Genus of flowering plants

Mascagnia is a genus in the Malpighiaceae, a family of about 75 genera of flowering plants in the order Malpighiales. The genus Mascagnia comprises about 45 species that occur in diverse habitats from northern Mexico and the Caribbean to northern Argentina and south-eastern Brazil.

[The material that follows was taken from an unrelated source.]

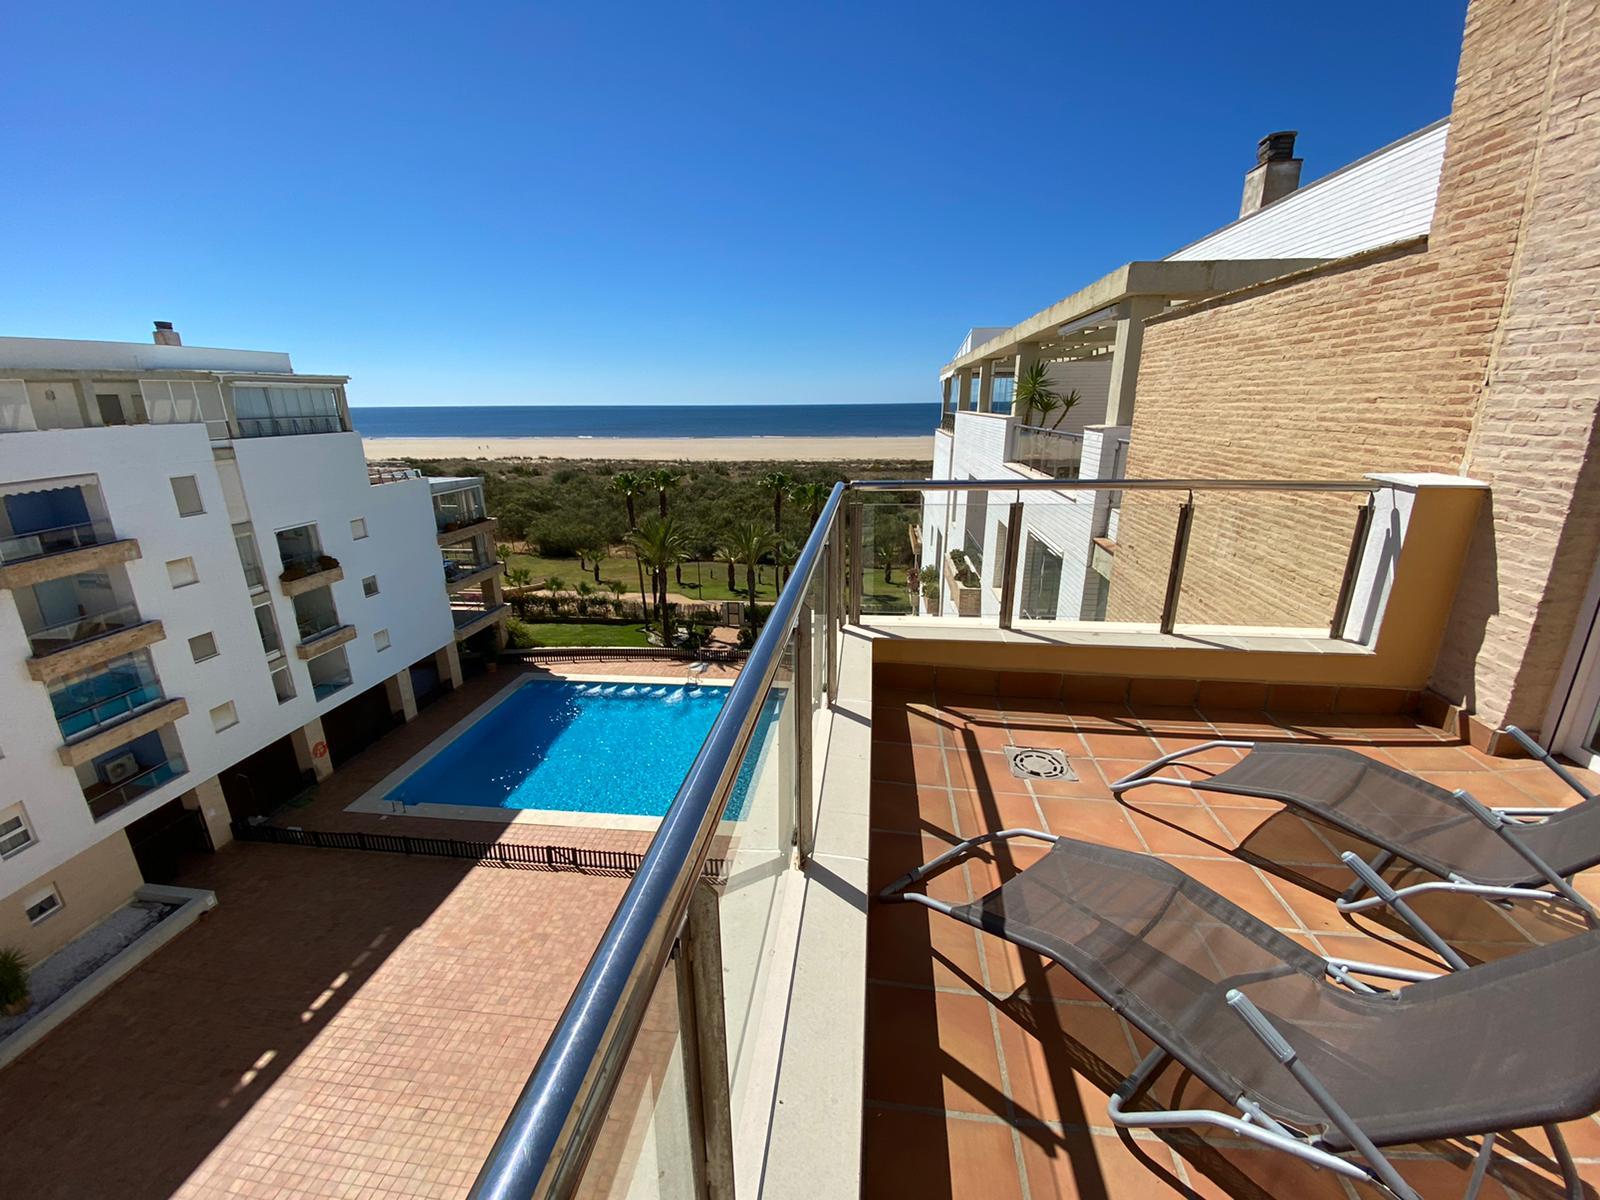 Imagen 36 del Apartamento Turístico, Ático 6 Poniente (3d+2b), Punta del Moral (HUELVA), Paseo de la Cruz nº22

Mascagnia in the traditional sense was a highly polyphyletic assemblage, a form-genus based on the lateral-winged samaras. Since the mid-1980s, morphological and molecular studies led to the removal of discordant elements, which were assigned to the genera Adelphia, Aenigmatanthera, Alicia, Amorimia, Calcicola, Callaeum, Carolus, Christianella, Malpighiodes, Niedenzuella, and Psychopterys. In addition, phylogenetic analyses showed that Triopterys is nested within Mascagnia. The species formerly assigned to Triopterys were transferred to Mascagnia, which is now a monophyletic genus.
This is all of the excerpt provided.